[OSM-dev] Ponderings about an improved tagging scheme
Steve Hill
steve at nexusuk.org
Fri Feb 20 13:31:07 GMT 2009
On Fri, 20 Feb 2009, marcus.wolschon at googlemail.com wrote:
>> Well, I'm not sure that the kind of objects found on a map can't be
>> categorized by a sufficiently flexible system.
>
> Like....
> * objects belonging to multiple "types"?
This was already covered by the proposal (and is indeed one of the
driving factors behind it).
> * different ways of categorizing the same information?
I'm not sure what you mean.
> Given the imagination of people it was proven beyond any doubt
> that the collection is infinite.
There are a finite number of objects in the OSM database.
In any case, no tagging scheme is going to place any restriction on the
number of different types of object - there is nothing stopping you
deciding to use a new value for the "type" tag if no one has ever mapped
that type of object before.
> Strange, I was under the impression that our system was quite chaotic
> and worked under the 2 rules:
> 1. "just do it or be ignored"
> 2. "don't break what others have build or they will get very angry"
These 2 rules are at odds with eachother though. Over time, tags get
depricated, new tags get created. If I'm going to get angry because you
"break" the roads I've mapped by migrating them from depricated tags to
new tags then all the software is eventually going to become a nightmare
to maintain. You *can't* support a mess of depricated tags forever, at
some point you have to draw the line and say "we need to fix the data so
we can simplify the software".
>> How about an orderly collection of attributes (which would cover most of
>> what's going on now with things like "highway=" or "natural=") WITH the
>> option of a free-form "tags" attribute for object types and attributes
> that
>> fall through the cracks?
>
> What about you start working on such an order so that it encompasses
> everything
> people have already done or are currently doing and we see each other again
> in
> say... 15 years?
I'd like to point out that if everyone said "that job's so big, it's
impossible", we'd never get anything done.

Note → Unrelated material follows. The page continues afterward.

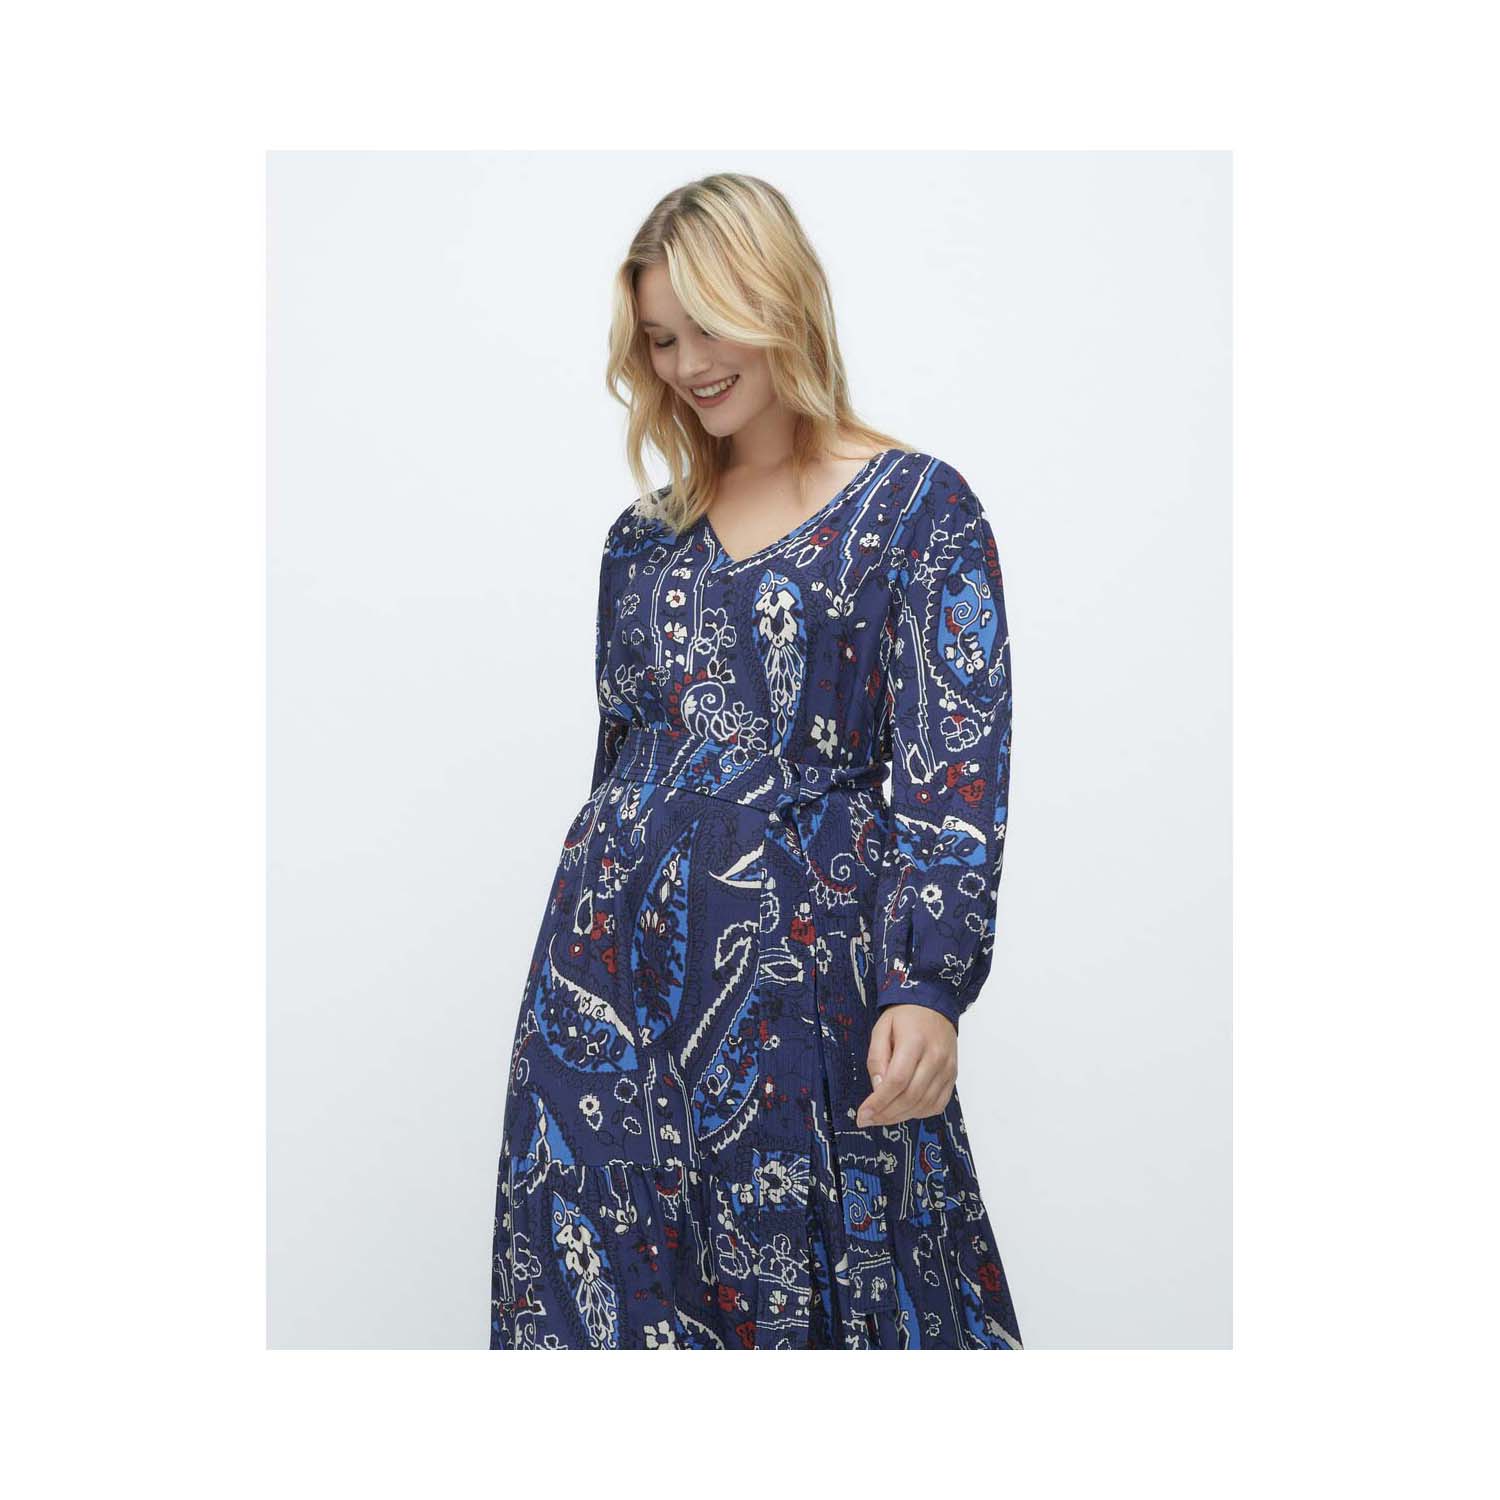 Couchel Long-Sleeved Floral Dress - Multi 3 Shaws Department Stores

I mean, a bunch of people creating a map of a good chunk of the world is
such a big job that it is practically impossible... right? Oh wait -
that's exactly what we've done, precisely because people actually got on
and did it instead of telling eachother that it was such a big job that it
wasn't worth attempting.
Steering a project as big as OSM is like steering a supertanker - you
can't just stop and change direction. But if no one ever takes a step
back and looks at possible directions that it *might* be an idea to go in
then the project is doomed. You can't keep taking the path of least
resistance forever, at some point you have to say "what can we do to make
this *better* instead of just continuing as we are", otherwise you just
end up heading into a dead end.
> Yes and we achieve consistency by consense.
> People do like other people have already done.
> Everything else has failed due to being ignored by an army of mappers.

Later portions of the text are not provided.